12 responses to “Open Schools and Students Will Return. Maybe.”

  1. I expect the private/home school movement will accelerate even as the COVID situation returns to “normal.” Consider:

    * Steady erosion of academic standards and accountability
    * Teaching white kids to feel guilty about white privilege and white fragility
    * Discriminating against Asian kids in governors’ schools

    What’s next? Proclaiming that grades are racist? That teaching “standard English” is racist? It’s happening elsewhere. How long until avante garde progressive thinking reaches Virginia?

    Parents of all races will seek to escape this all-consuming madness by finding educational alternatives for their children.

    1. djrippert Avatar

      “Parents of all races will seek to escape this all-consuming madness by finding educational alternatives for their children.”

      True, although the economically better off white and Asian-American parents will be more likely to be able to afford educational alternatives.

      Ralph Northam and public school teachers’ unions: architects of structural racism.

    2. sherlockj Avatar

      “What’s next? Proclaiming that grades are racist?”

      It’s already here. See Albemarle County Schools new grading policy.

  2. ksmith8953 Avatar
    ksmith8953

    Couldn’t agree more! This is why public school choice should not be ignored. Who gets paid more for doing less? My utility bills are going up due to the brilliant move by legislators in the appropriations budget to help pay for unpaid bills due to COVID, but schools are complaining they will go broke? 37,000 students is really small. Split that into 133 school districts by the appropriate distribution, 37,000:1,245,619 (per google as number of students in public schools) or 3%. That isn’t factoring in CARES Money. Really? Stop crying, start teaching.

    1. Steve Haner Avatar
      Steve Haner

      Ooodles of extra money heading toward the schools in the new amended budget, mostly from CARES. Meaning paid for by debt on our grandkids….

      Hey, over the weekend I noticed the VDH outbreaks website recorded its first COVID death due to a K-12 outbreak. Student, faculty or staff? Not noted. But the death toll “in the schools” is no longer zero. I’m sure we’ll hear more…

      And a key point: The teachers who are doing this by virtual means, or doing that hybrid with both virtual and in-class, are probably working harder than they did a year ago. My wife’s been with the all-virtual second grader most days of the week, and recognizes the extra burden being put on those teachers.

      1. sherlockj Avatar

        So should Pam Northam, a teacher.

      2. The K-12 death is the usual delayed VDH outbreak posting of the 9/18 Southside Health District adolescent’s death. There are no other deaths recorded in the datasets for ages 10-19.

        1. VDH changed their minds in today’s report. The death report, two outbreaks and 3 cases were removed from K-12. Two outbreaks and 4 cases were added to Childcare Settings.

  3. djrippert Avatar

    It would be interesting to see which virtual school districts require the teachers to drive to the school to teach from classrooms and which allow the teachers to teach from home. In a transportation hellhole like Fairfax County working from home to avoid the commute would be a big inducement. I don’t know what the policy in Fairfax is.

  4. Nancy_Naive Avatar
    Nancy_Naive

    Meh, it’s just the flu… except it destroys organ tissue, but don’t sweat the long-haul effects. It’s said you use less than 10% of your brain, so surely 20% of a heart or pancreas will suffice too.

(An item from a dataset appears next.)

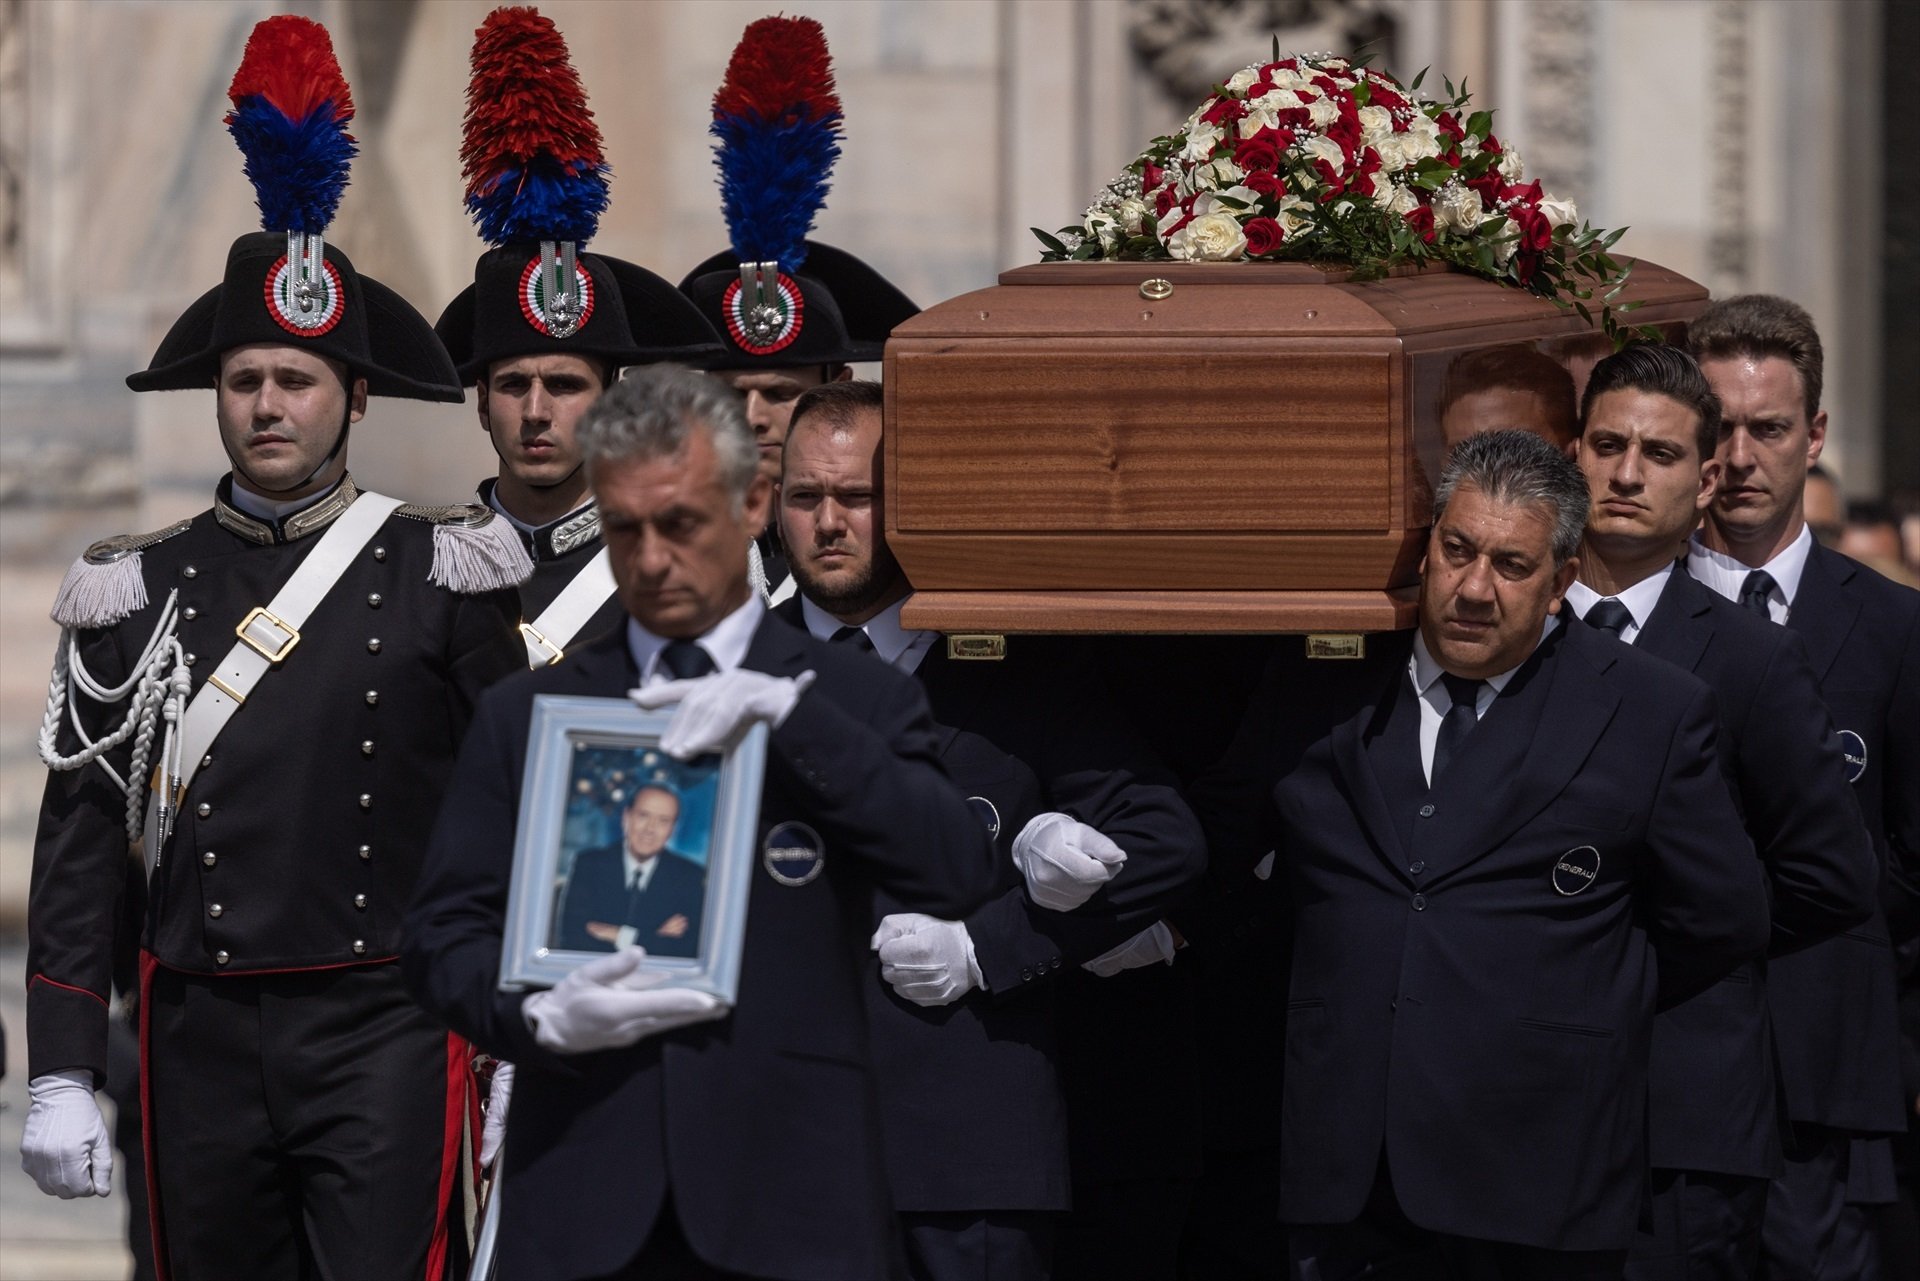 El funeral de Berlusconi, la Champions del Pep i més: la volta al món en 15 fotos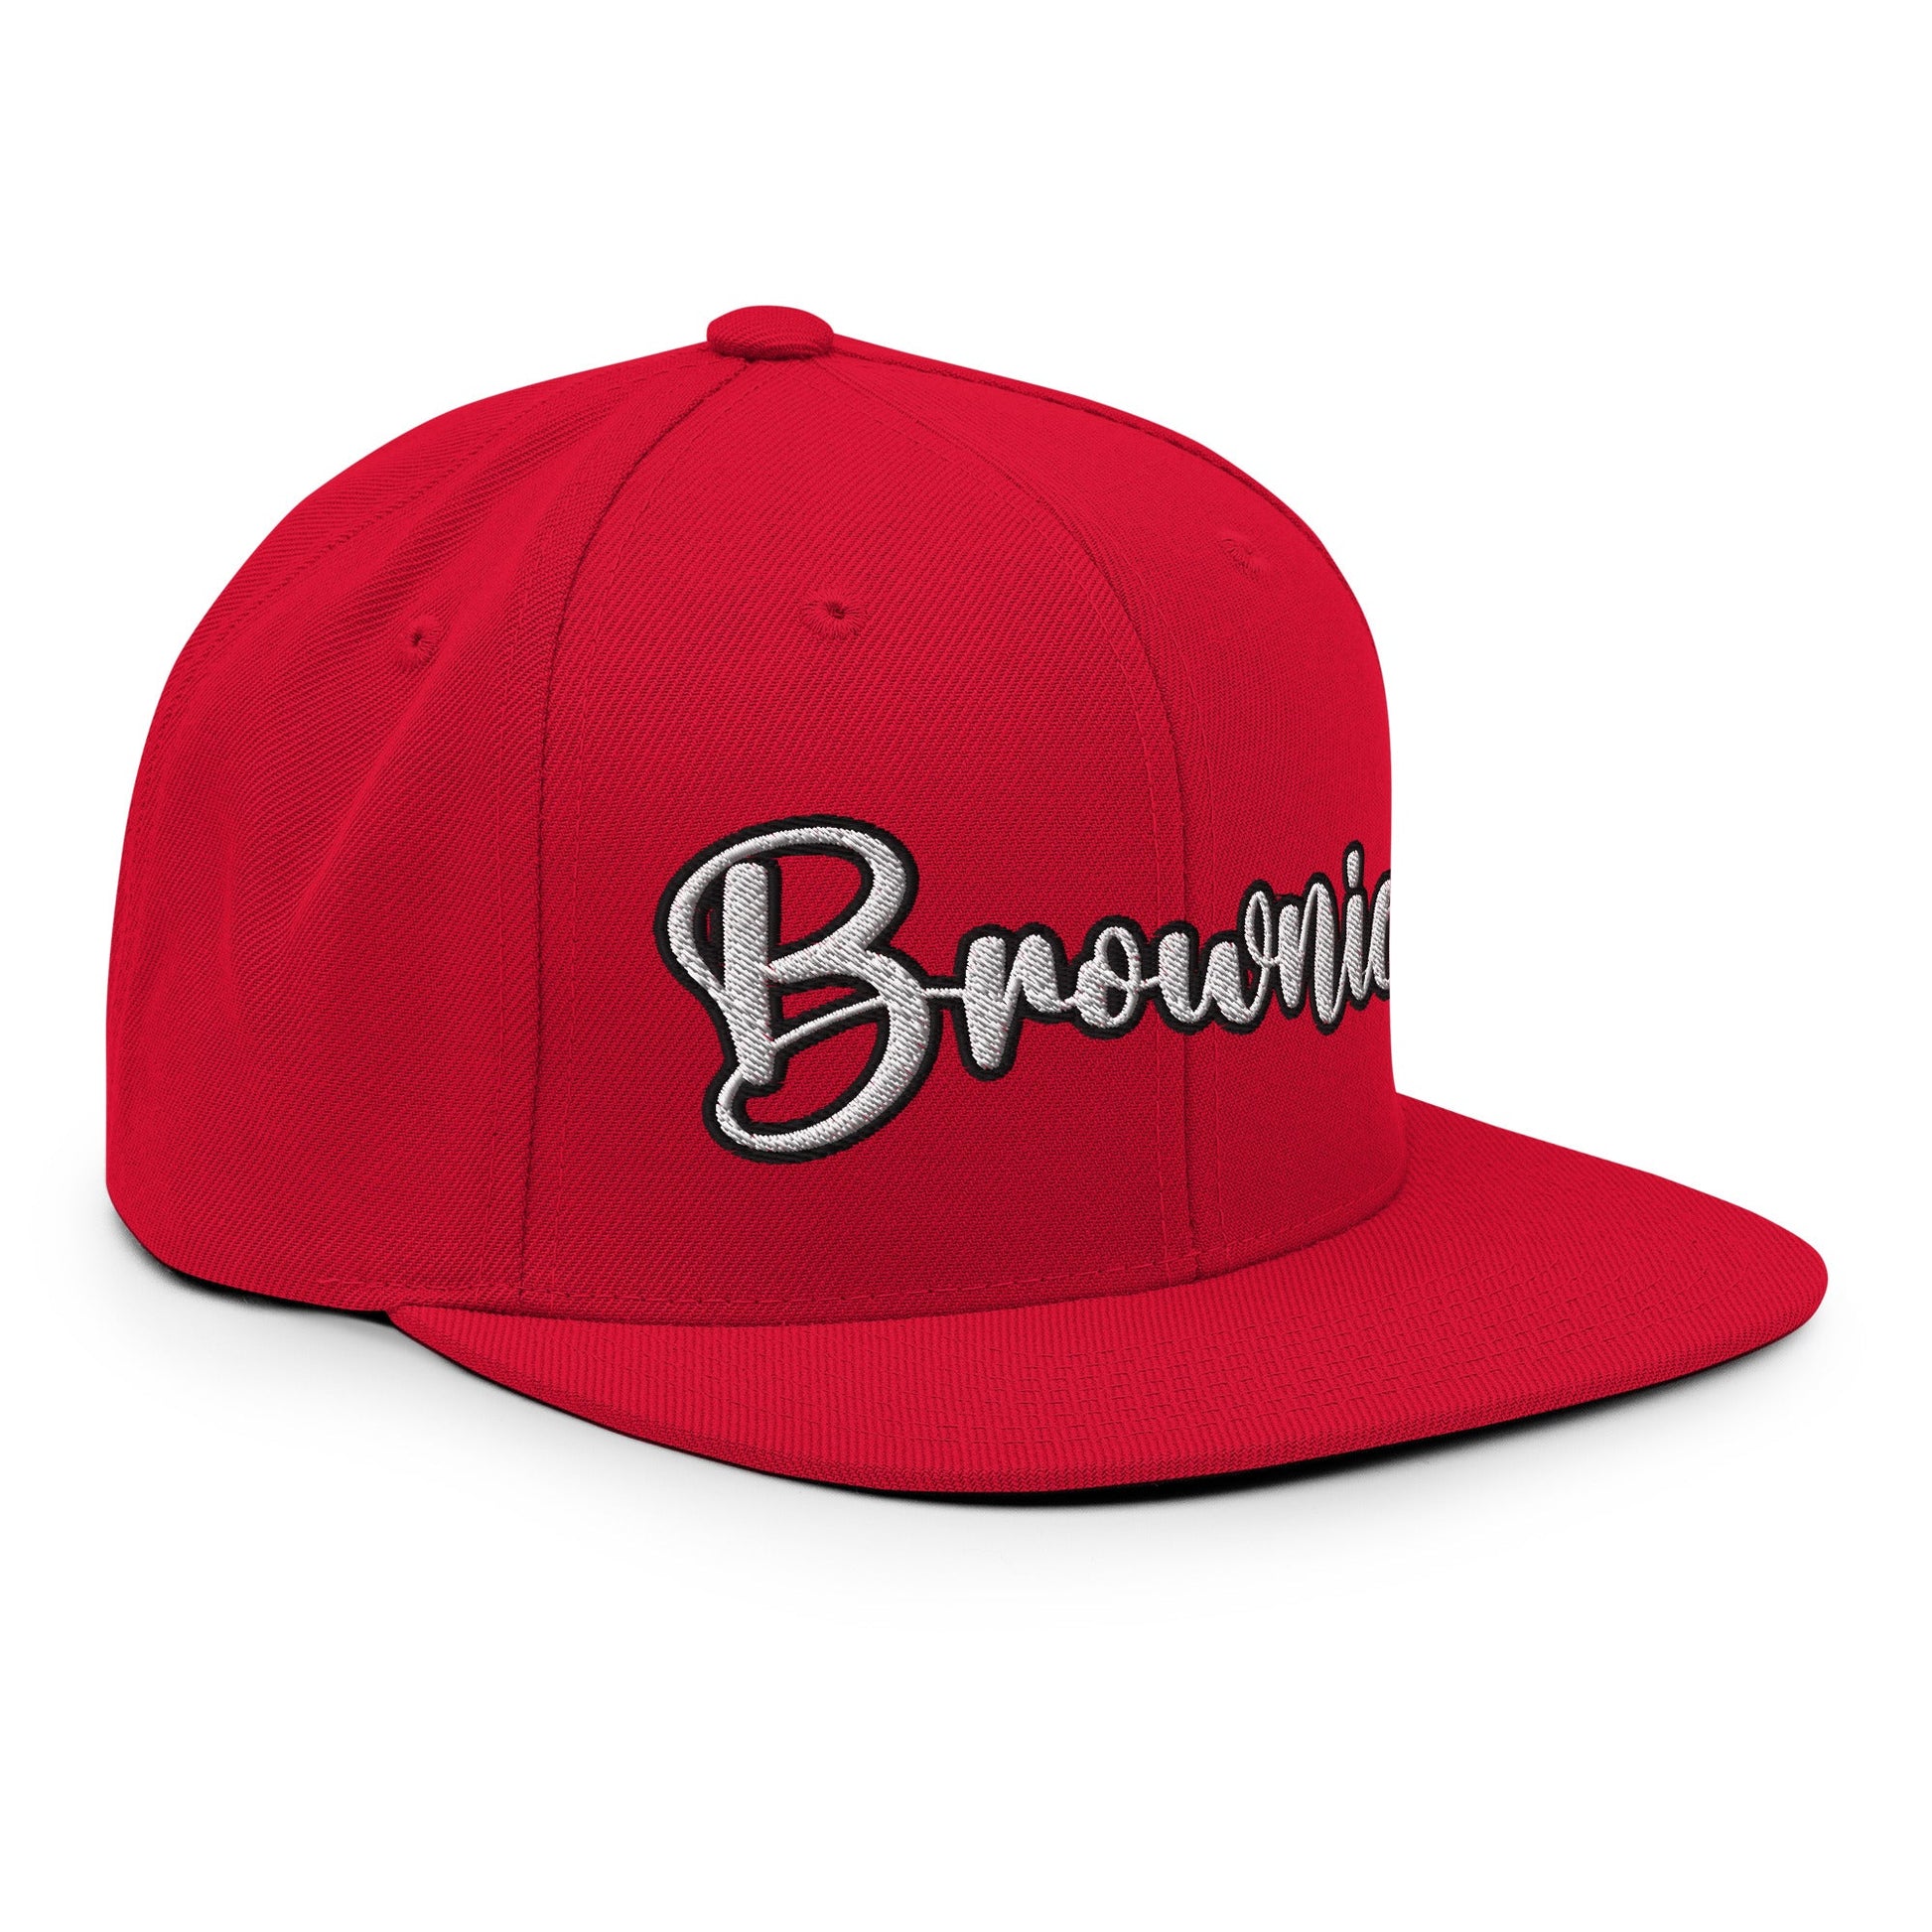 Brownies Script Snapback Hat Red

    1. Yes, the world would have been much better off if China had acted responsibly by being honest and allowing assistance to contain the outbreak early on. Instead they deliberately lied about it and allowed infected people from Wuhan to travel internationally even after they had restricted travel within China.

      But China showed that it’s an adversary to the civilized world and we’re left with less than ideal choices to be sure. Right now, however, many families are facing the worst of both worlds. Their children aren’t getting the benefit of in-person instruction, but they are going off to child care every day so the parents can work. Many times the child care is housed in the very schools where they should be receiving in-person instruction.